**Exercise objective:** Print the whole listing again exactly as it stands, leaving out any images.

**Exercise data:**

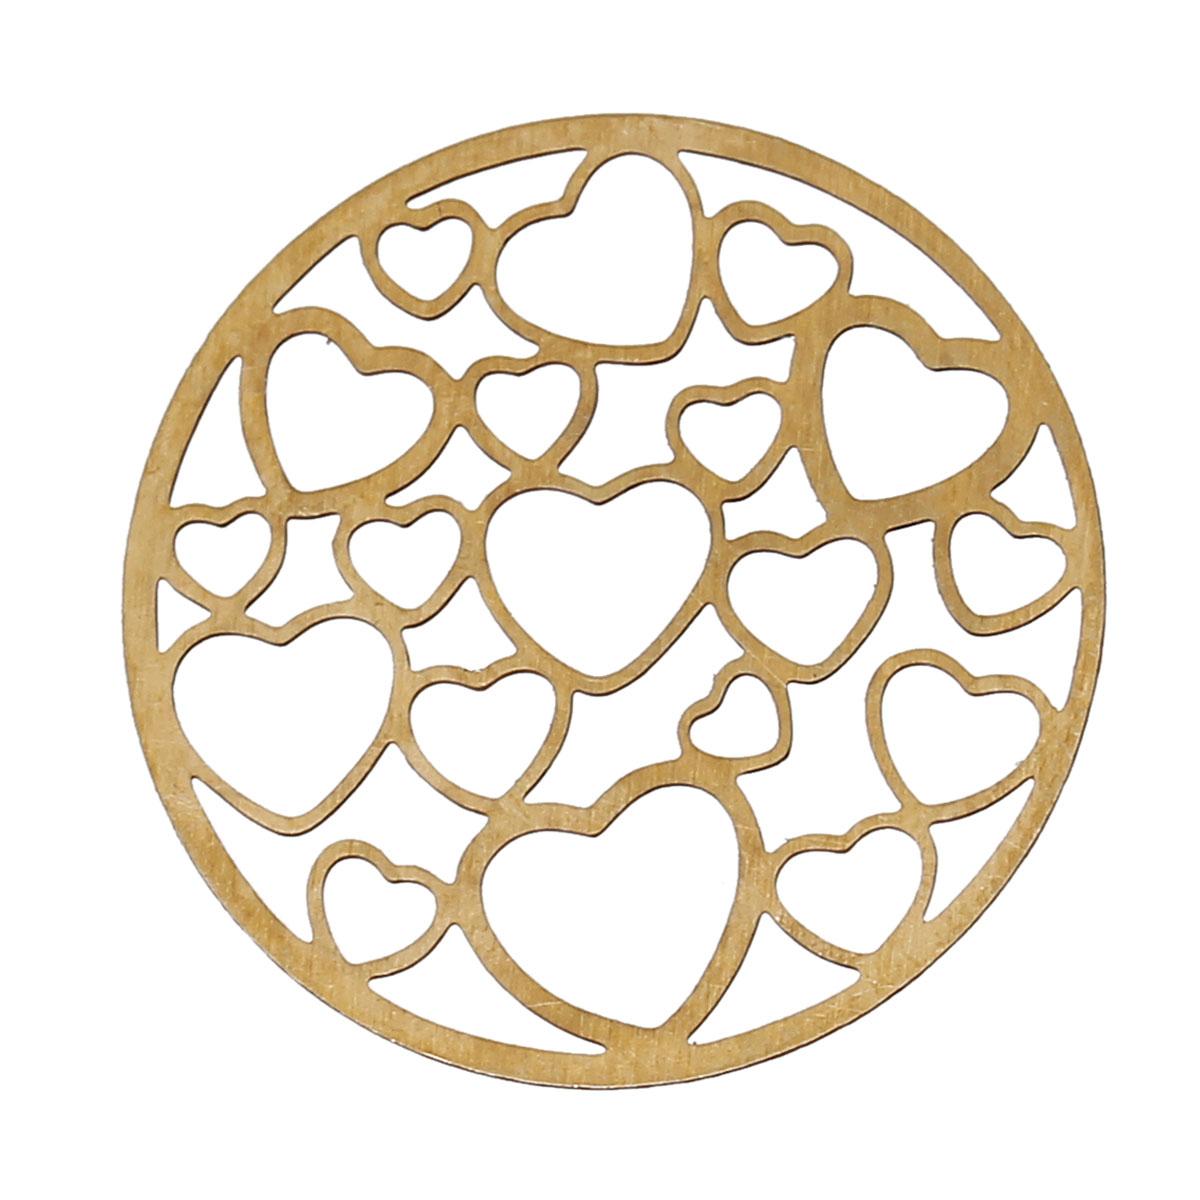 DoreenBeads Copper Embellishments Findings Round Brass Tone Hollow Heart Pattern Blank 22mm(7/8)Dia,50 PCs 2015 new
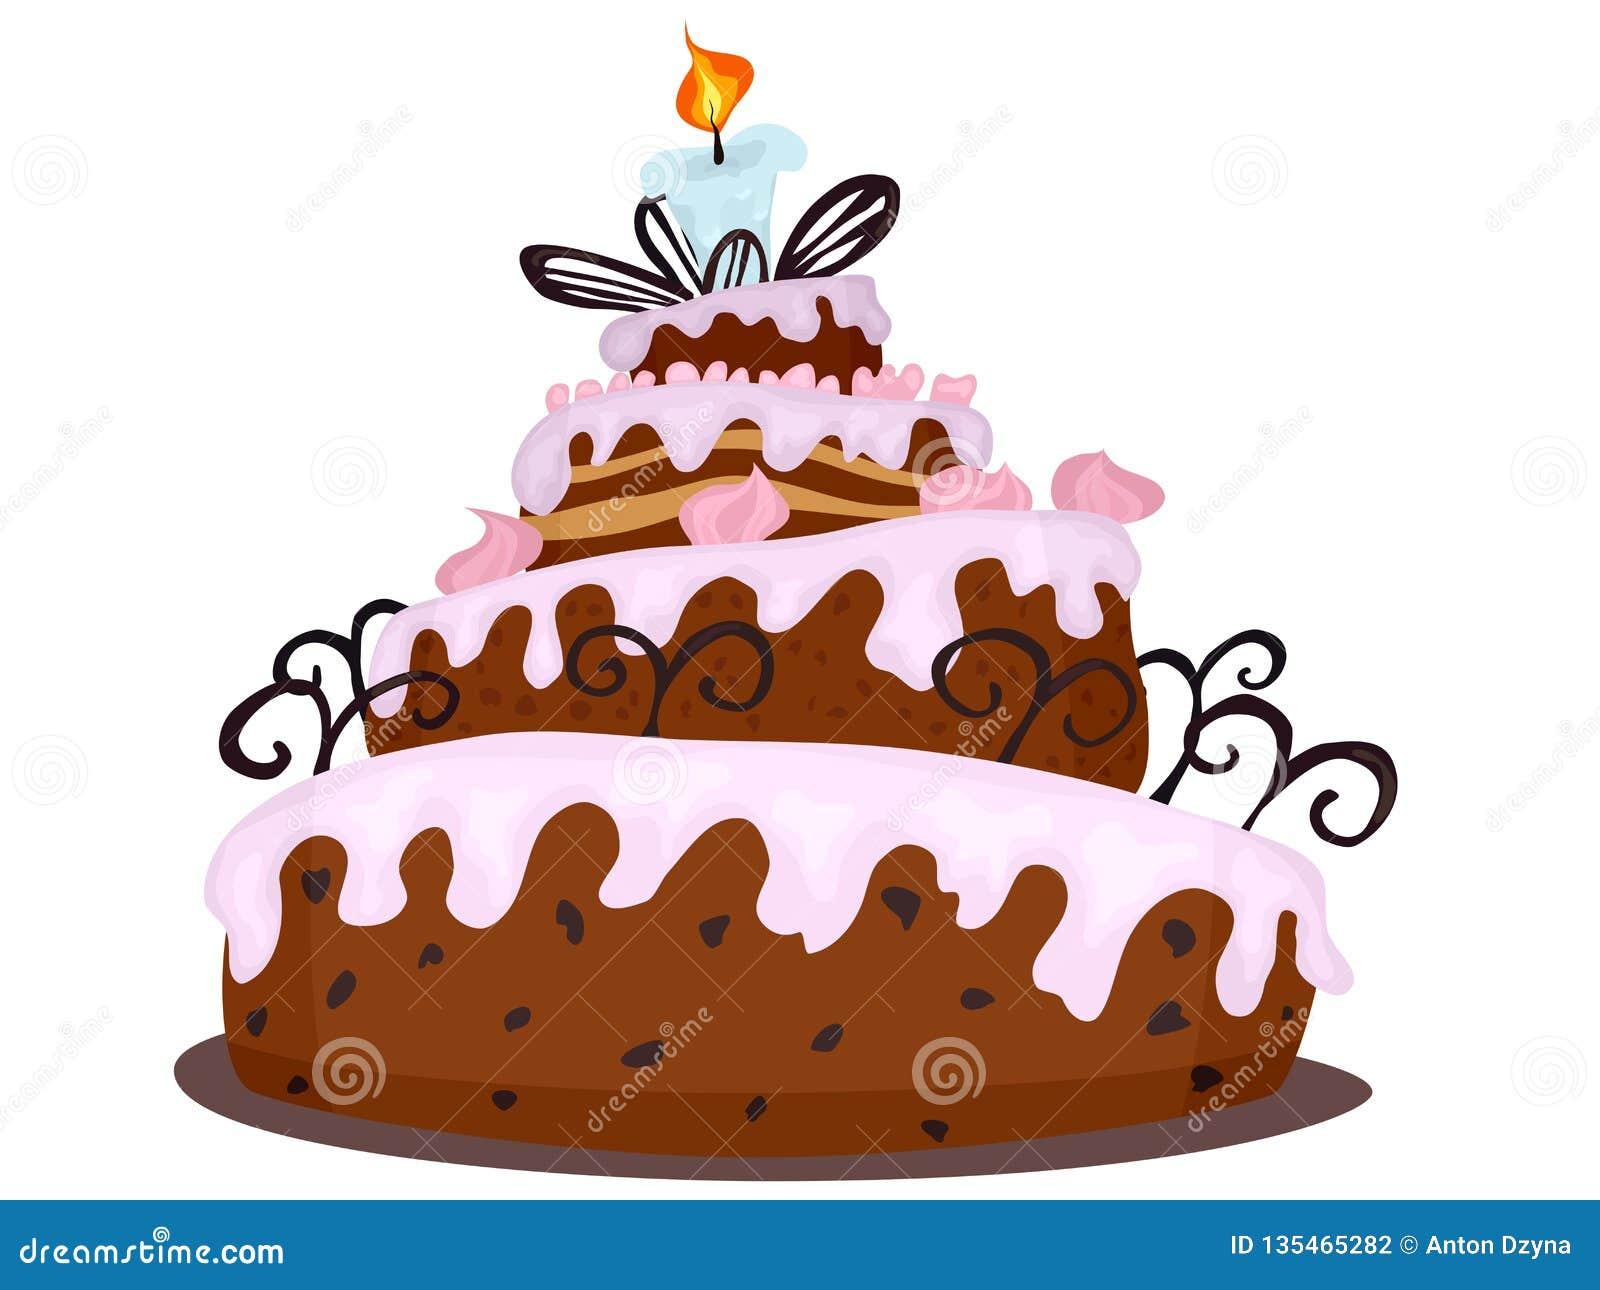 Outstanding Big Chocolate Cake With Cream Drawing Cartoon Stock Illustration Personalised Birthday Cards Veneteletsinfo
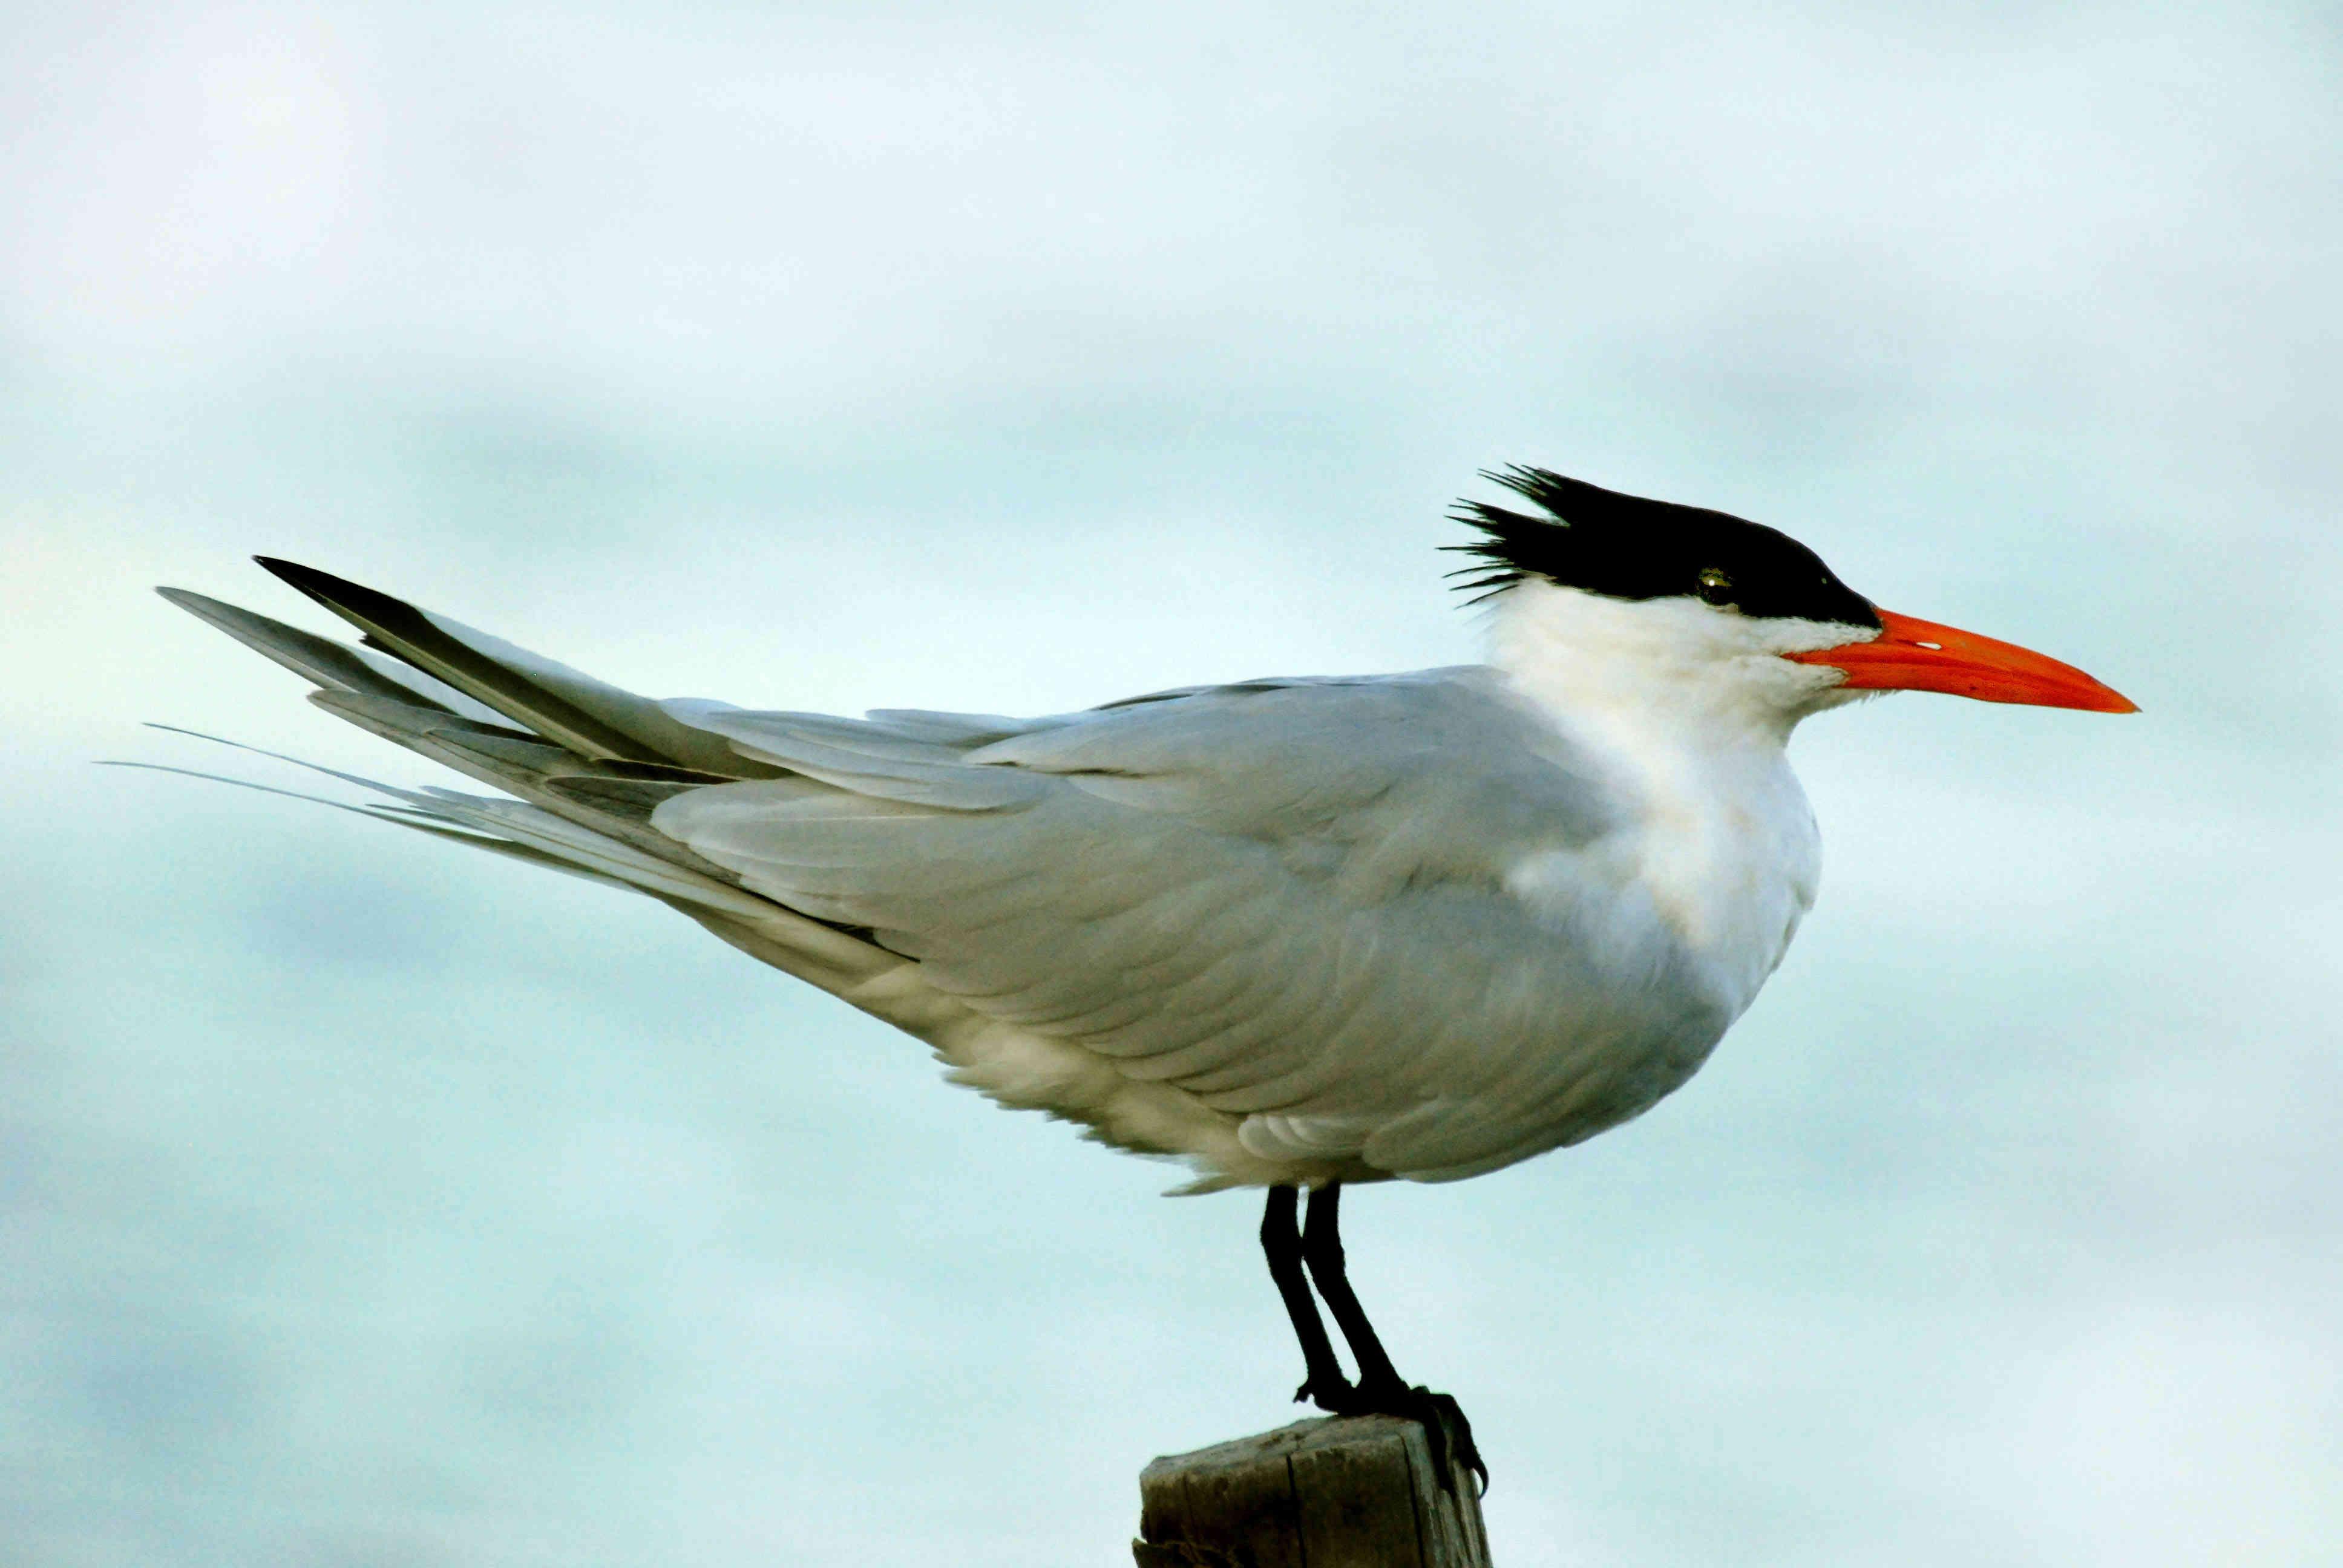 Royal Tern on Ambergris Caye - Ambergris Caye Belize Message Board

**Solution for this problem:**
 DoreenBeads Copper Embellishments Findings Round Brass Tone Hollow Heart Pattern Blank 22mm(7/8)Dia,50 PCs 2015 new
 Outstanding Big Chocolate Cake With Cream Drawing Cartoon Stock Illustration Personalised Birthday Cards Veneteletsinfo
 Royal Tern on Ambergris Caye - Ambergris Caye Belize Message Board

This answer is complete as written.